Create one data visualization with this dataset

Step1: Filter the dataset

Knowing that we have several variables and that we are not going to use them all. We’ll start by filtering out the columns that aren’t needed.

na.malnutrition2 <- select(na.malnutrition1, -`SevereWasting`)
str(na.malnutrition2)
## tibble [148 × 9] (S3: tbl_df/tbl/data.frame)
##  $ Country              : chr [1:148] "AFGHANISTAN" "ALBANIA" "ALGERIA" "ANGOLA" ...
##  $ Income Classification: num [1:148] 0 2 2 1 2 2 3 2 3 1 ...
##  $ Severe Wasting       : num [1:148] 3.03 4.08 2.73 2.4 0.2 ...
##  $ Wasting              : num [1:148] 10.35 7.76 5.94 6.93 2.15 ...
##  $ Overweight           : num [1:148] 5.12 20.8 12.83 2.55 11.12 ...
##  $ Stunting             : num [1:148] 47.8 24.2 19.6 42.6 10 ...
##  $ Underweight          : num [1:148] 30.38 7.7 7.34 23.6 2.6 ...
##  $ U5 Population ('000s): num [1:148] 4919 233 3565 3980 3614 ...
##  $ IncomeClassification : chr [1:148] "0" "2" "2" "1" ...

Plot all variables– distribution

This plot presents an overview of the variables available for our visualization.

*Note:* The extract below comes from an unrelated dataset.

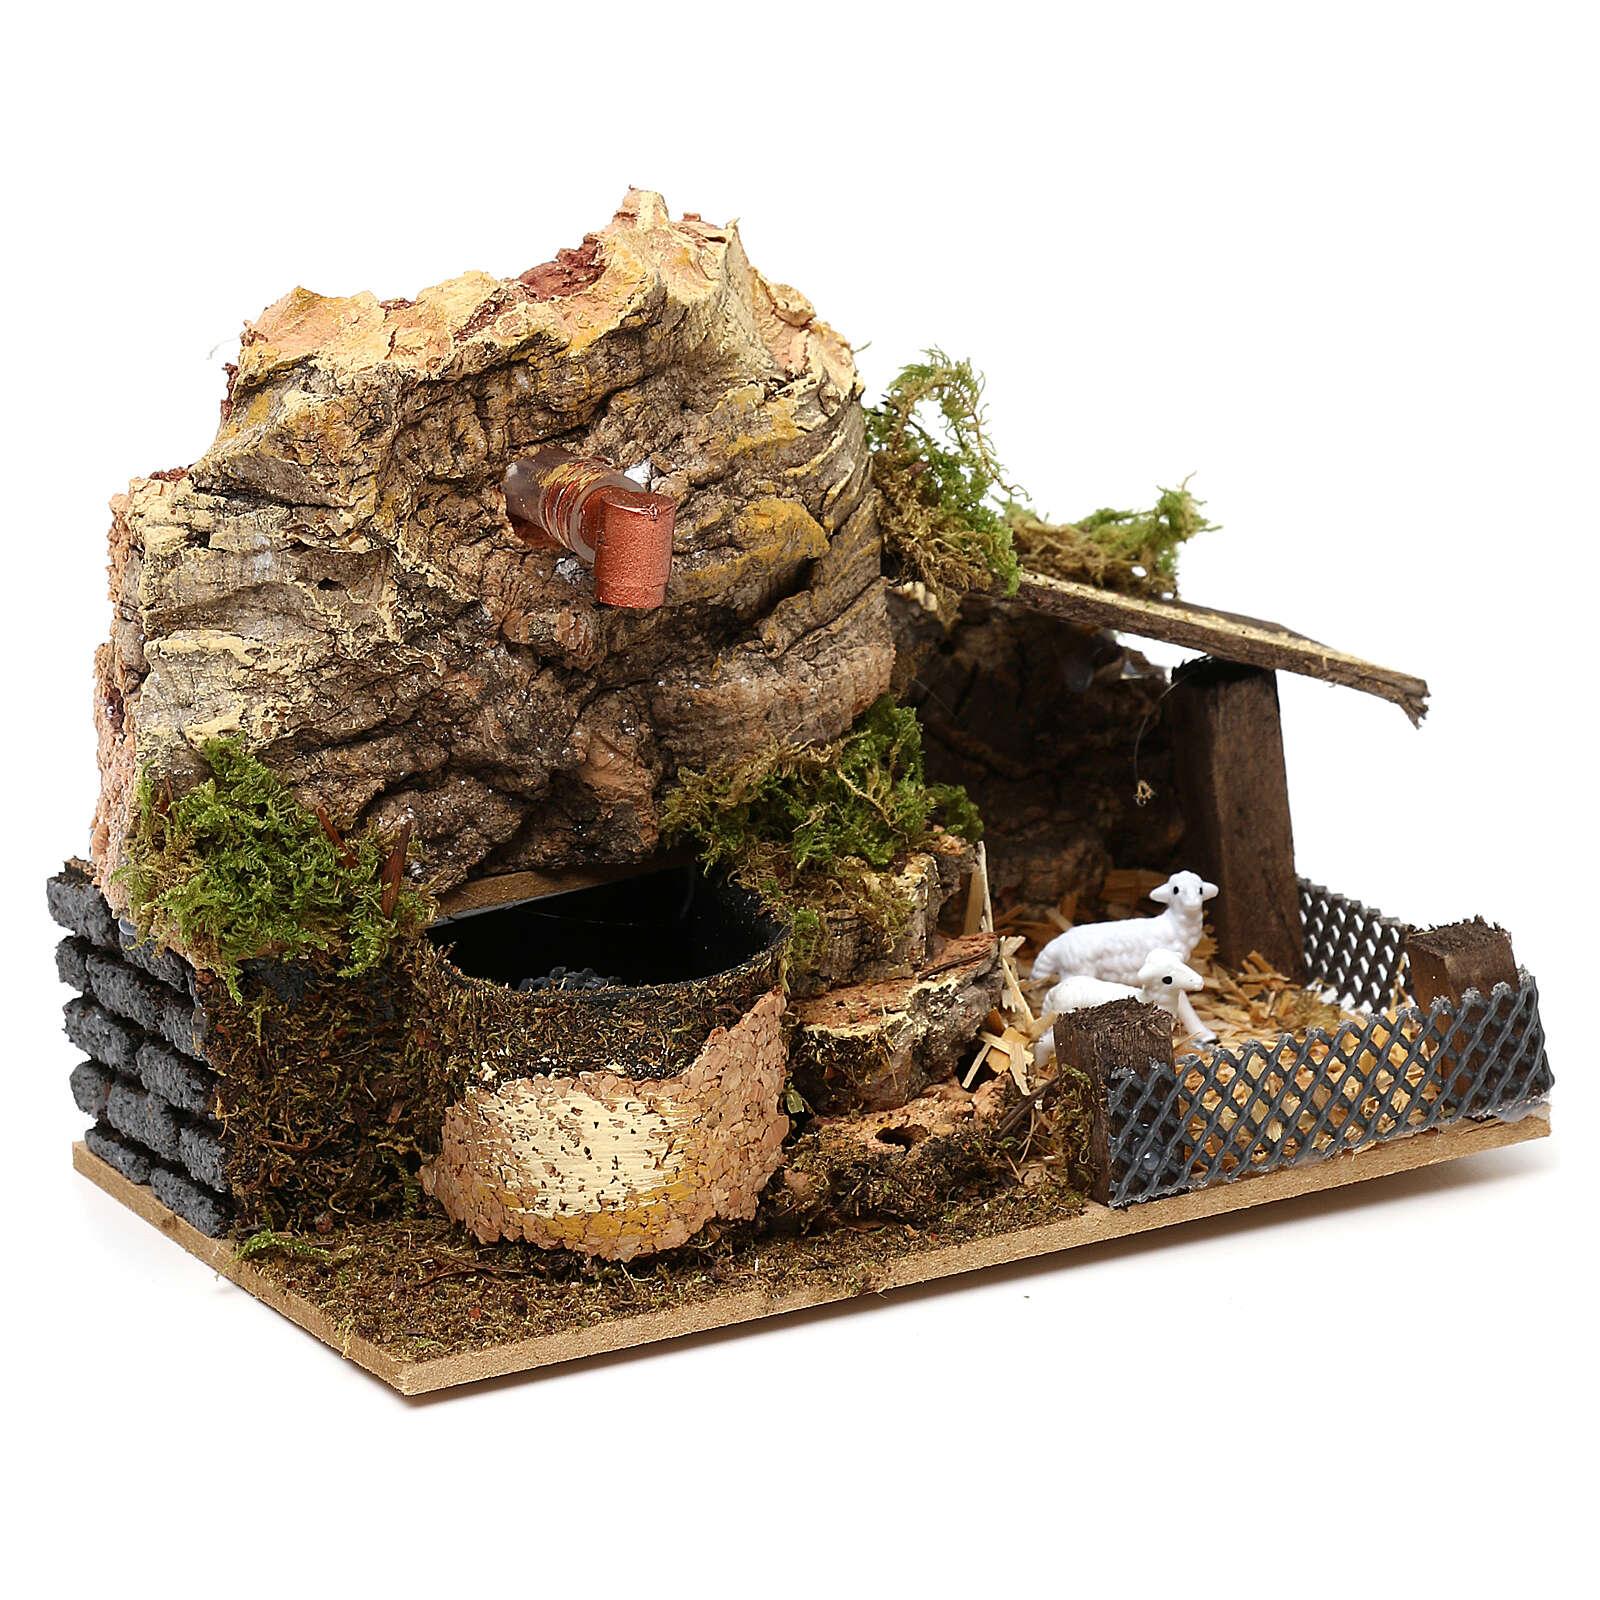 Working fountain cork with sheepfold 10x15x10 cm, for 7 cm nativity 4

#Plot all variables-- distribution 
DATAoverview<-na.malnutrition2  %>%
  as_data_frame() %>%
  select_if(is.numeric) %>%
  gather(key = "variable", value = "value")
## Warning: `as_data_frame()` was deprecated in tibble 2.0.0.
## ℹ Please use `as_tibble()` instead.
## ℹ The signature and semantics have changed, see `?as_tibble`.
#Boxplot
ggplot(DATAoverview, aes(value)) +
  geom_boxplot(fill="darkorchid1") +
  facet_wrap(~variable, scale="free")
## Warning: Removed 8 rows containing non-finite values (`stat_boxplot()`).

#Density plot
ggplot(DATAoverview, aes(value)) +
  geom_density(fill="slateblue") +
  facet_wrap(~variable, scale="free")
## Warning: Removed 8 rows containing non-finite values (`stat_density()`).

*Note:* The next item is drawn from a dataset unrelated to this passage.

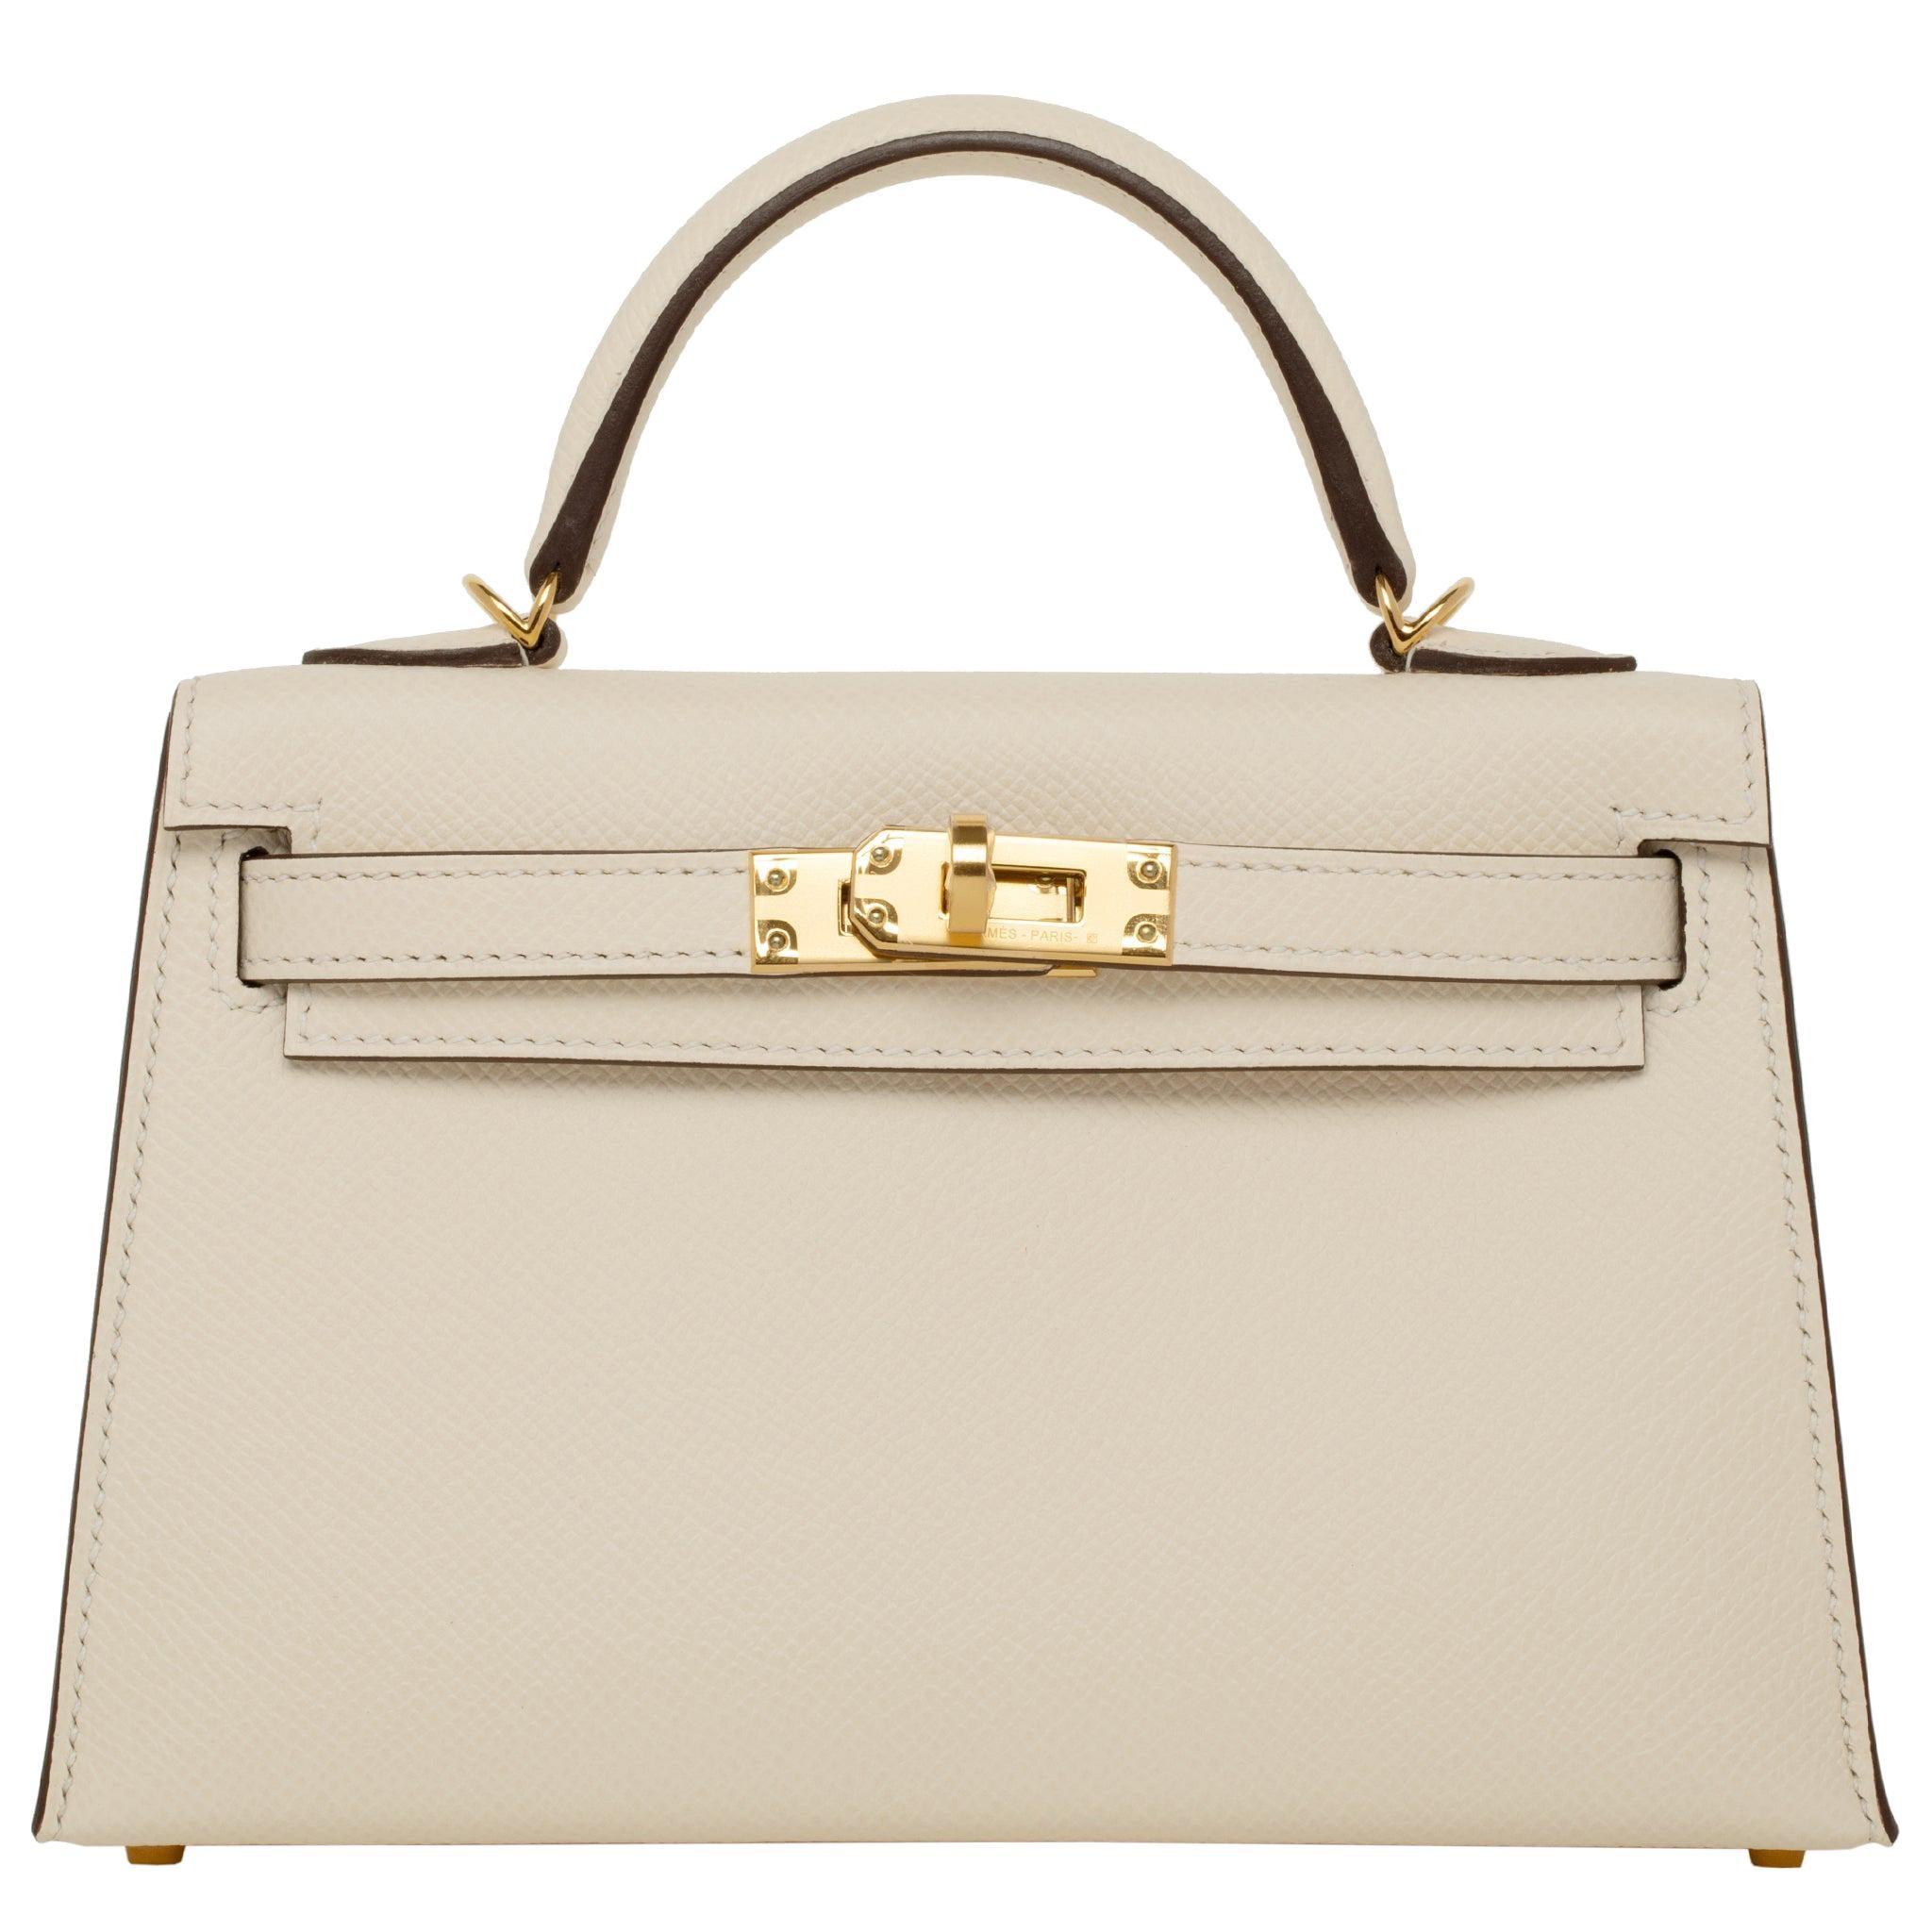 Hermès Mini Kelly II Nata Epsom Leather Gold Hardware

Plot World’s Economies Classification

Unicef classifies the world’s economies into four income groups: low income represented by 0, lower middle income represented by 1, upper middle income represented by 2 and high income represented by 3.

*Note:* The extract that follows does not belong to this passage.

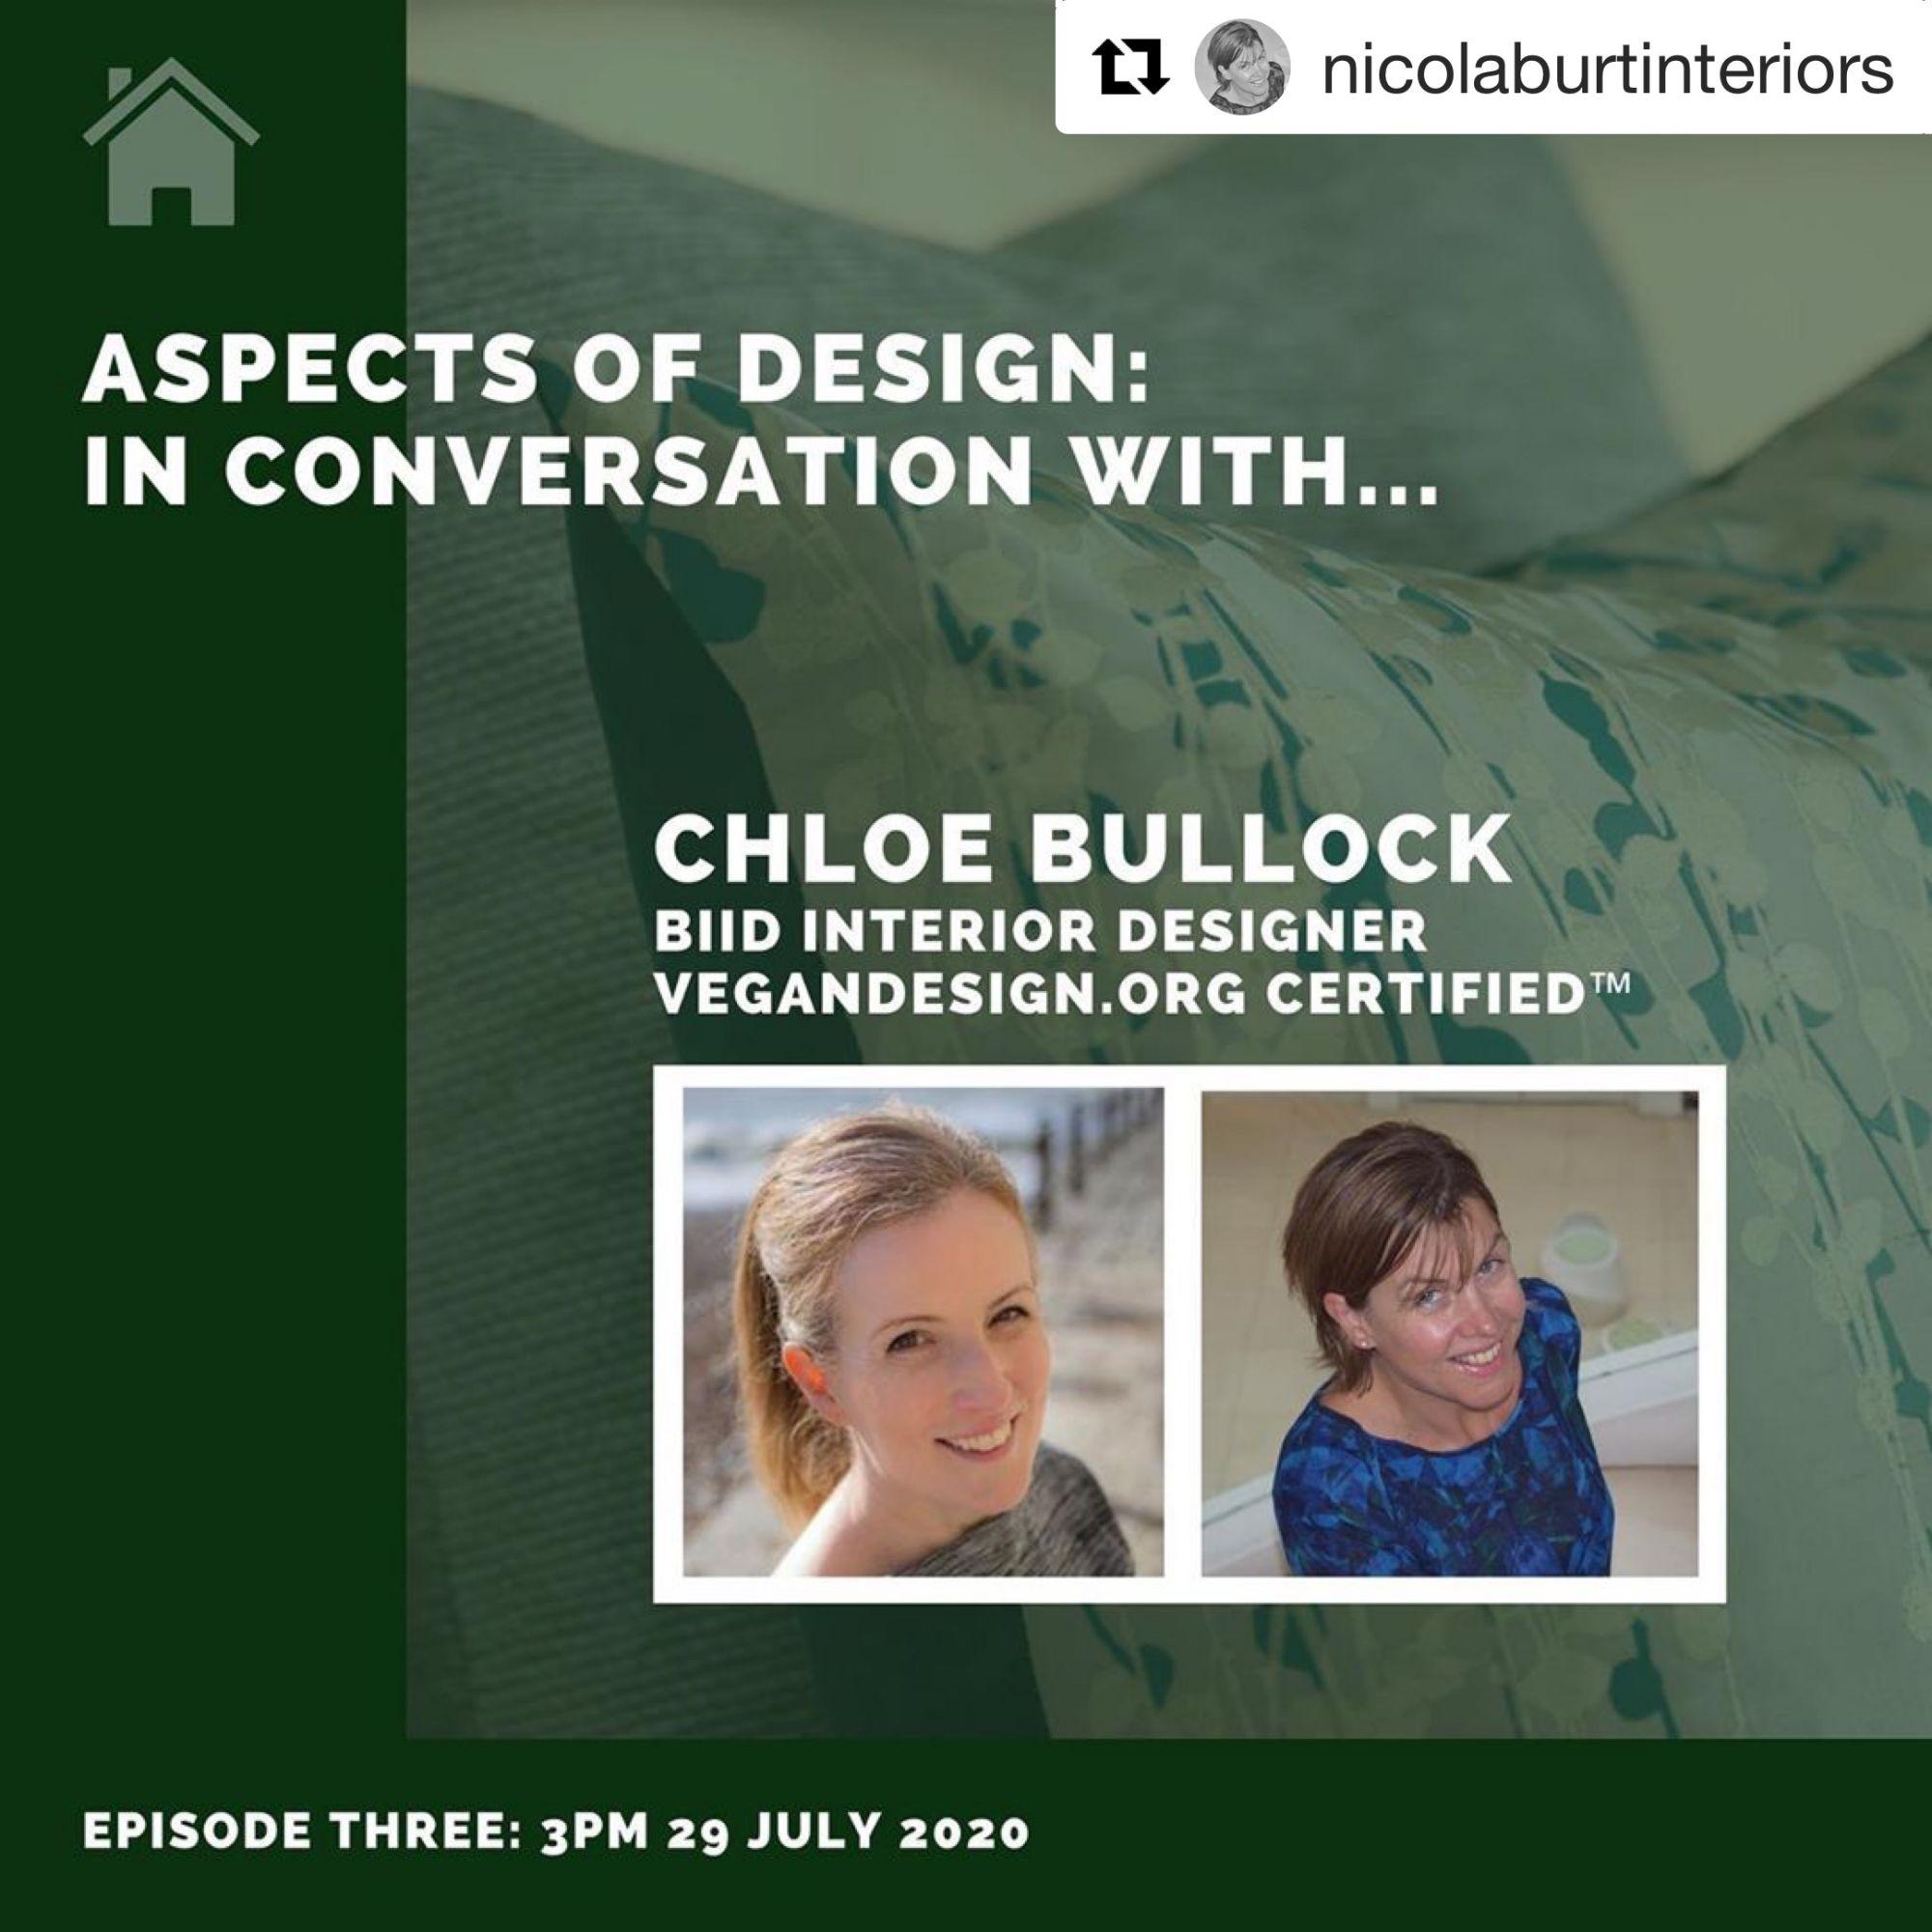 Nicola Burt Interiors interview on vegan and sustainable design

na.malnutrition3 <- ggplot(na.malnutrition2, aes(x = IncomeClassification)) +
  labs(title = "World's Economies Classification") +
  geom_bar(mapping = aes(x= IncomeClassification, fill=IncomeClassification )) + scale_fill_brewer(palette = "PuBu") +
   theme_minimal() +
  xlab("Income Groups") + 
  ylab("Count")
na.malnutrition3

We can notice that on a global scale, upper middle income economies represented by 2 are the most numerous.

Plot3

In this plot, we are going to show how Underweight can be affected by Income Classification by creating an histogram.

ggplot(na.malnutrition2)+
  geom_histogram(mapping=aes(x=Underweight, color=IncomeClassification),bins=15,
                 fill='white')+
 labs(title = "Histogram of underweight population by Income classification") + 
  xlab("underweight") +
  ylab("Count") +
  theme_minimal()

We can see that low and middle income countries are the most confronted with manultrition.

Plot 4

The histogram below represents the percentages of children suffering from malnutrition and presenting a weight deficiency (underweight) in 2016

ggplot(na.malnutrition2)+
  geom_histogram(aes(x = Underweight), colour= "blue", fill= "blue")+
labs(
    title = "Distribution of values for the variable 'Underweight'", 
    x = 'Underweight', 
    y = '% of children below age 5'
  )
## `stat_bin()` using `bins = 30`. Pick better value with `binwidth`.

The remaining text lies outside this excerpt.